In 2012, Millard and Podbielski started a pop-up restaurant series called the Coquine Supper Club at Dancing Roots Farm in Troutdale, Oregon, wineries, and special events. Millard and Podbielski opened Coquine in July 2015 serving only dinner and expecting to operate primarily as a coffee shop. On August 7, 2015, Coquine began serving counter service lunch and breakfast.

In July 2017, Coquine began serving full service lunch.

Katy Jane's Oyster Bar has been described as a sibling restaurant to Coquine.

==Reception==
In 2015, its opening year, Coquine was named Restaurant of the Year by Eater Portland and Katy Millard was nominated for Chef of the Year. Coquine was also a finalist in the 2016 James Beard Foundation Awards and was named one of Bon Appétit's top fifty "best new restaurants". The Oregonian named Coquine the 2016 Restaurant of the Year. The newspaper's Michael Russell later included the business in a 2025 list of the 21 best restaurants in southeast Portland. He also ranked Coquine number 3 in The Oregonians 2025 list of Portland's 40 best restaurants.

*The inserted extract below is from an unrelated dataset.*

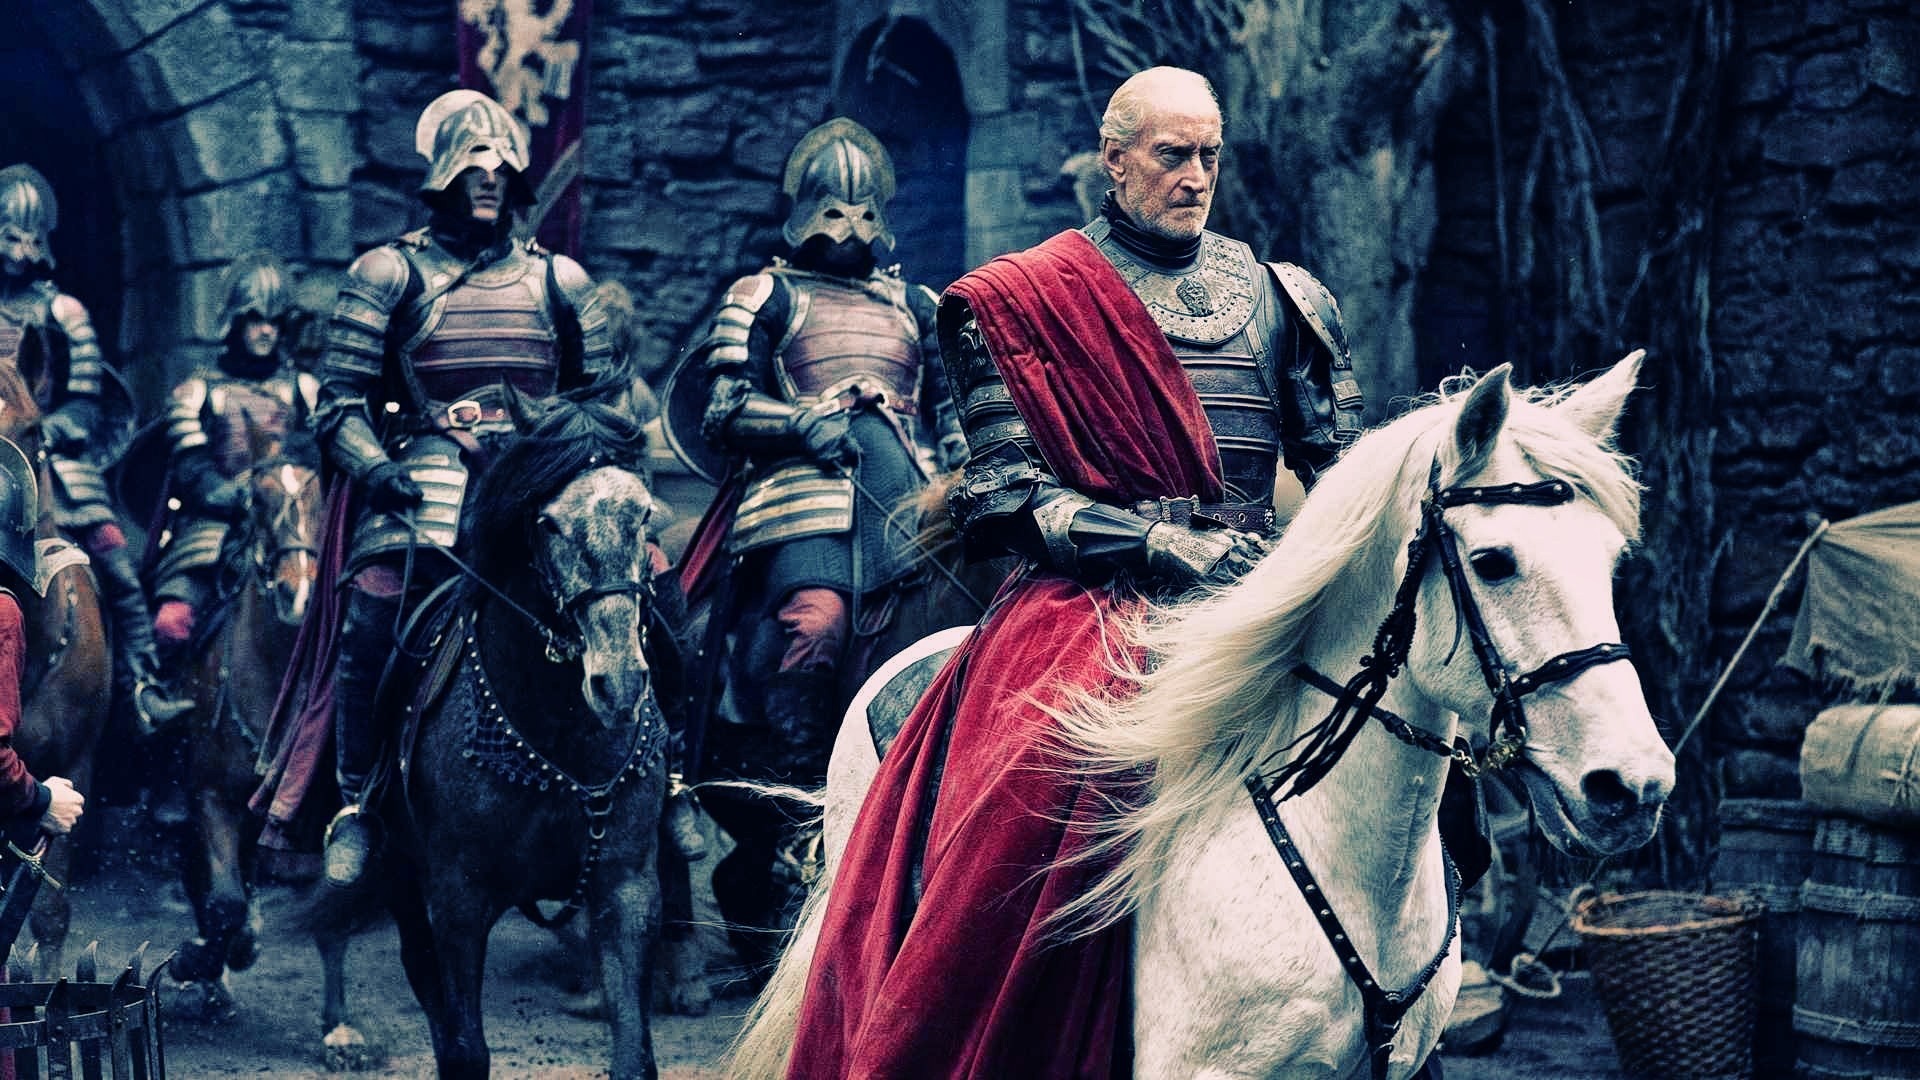 Charles Dance, Movies, Game of Thrones, TV shows, 1920x1080 Full HD Desktop

In 2017, 2018, 2019, and 2020, Katy Millard was nominated by the James Beard Foundation for Best Chef: Northwest. In October 2021, Coquine was listed in the New York Times' 2021 Restaurant List as one of "50 places in America we're most excited about right now." Coquine Market was included in Time Out Portlands 2025 list of the city's eighteen best restaurants. Hannah Wallace included the business in Condé Nast Travelers 2025 list of Portland's 23 best restaurants.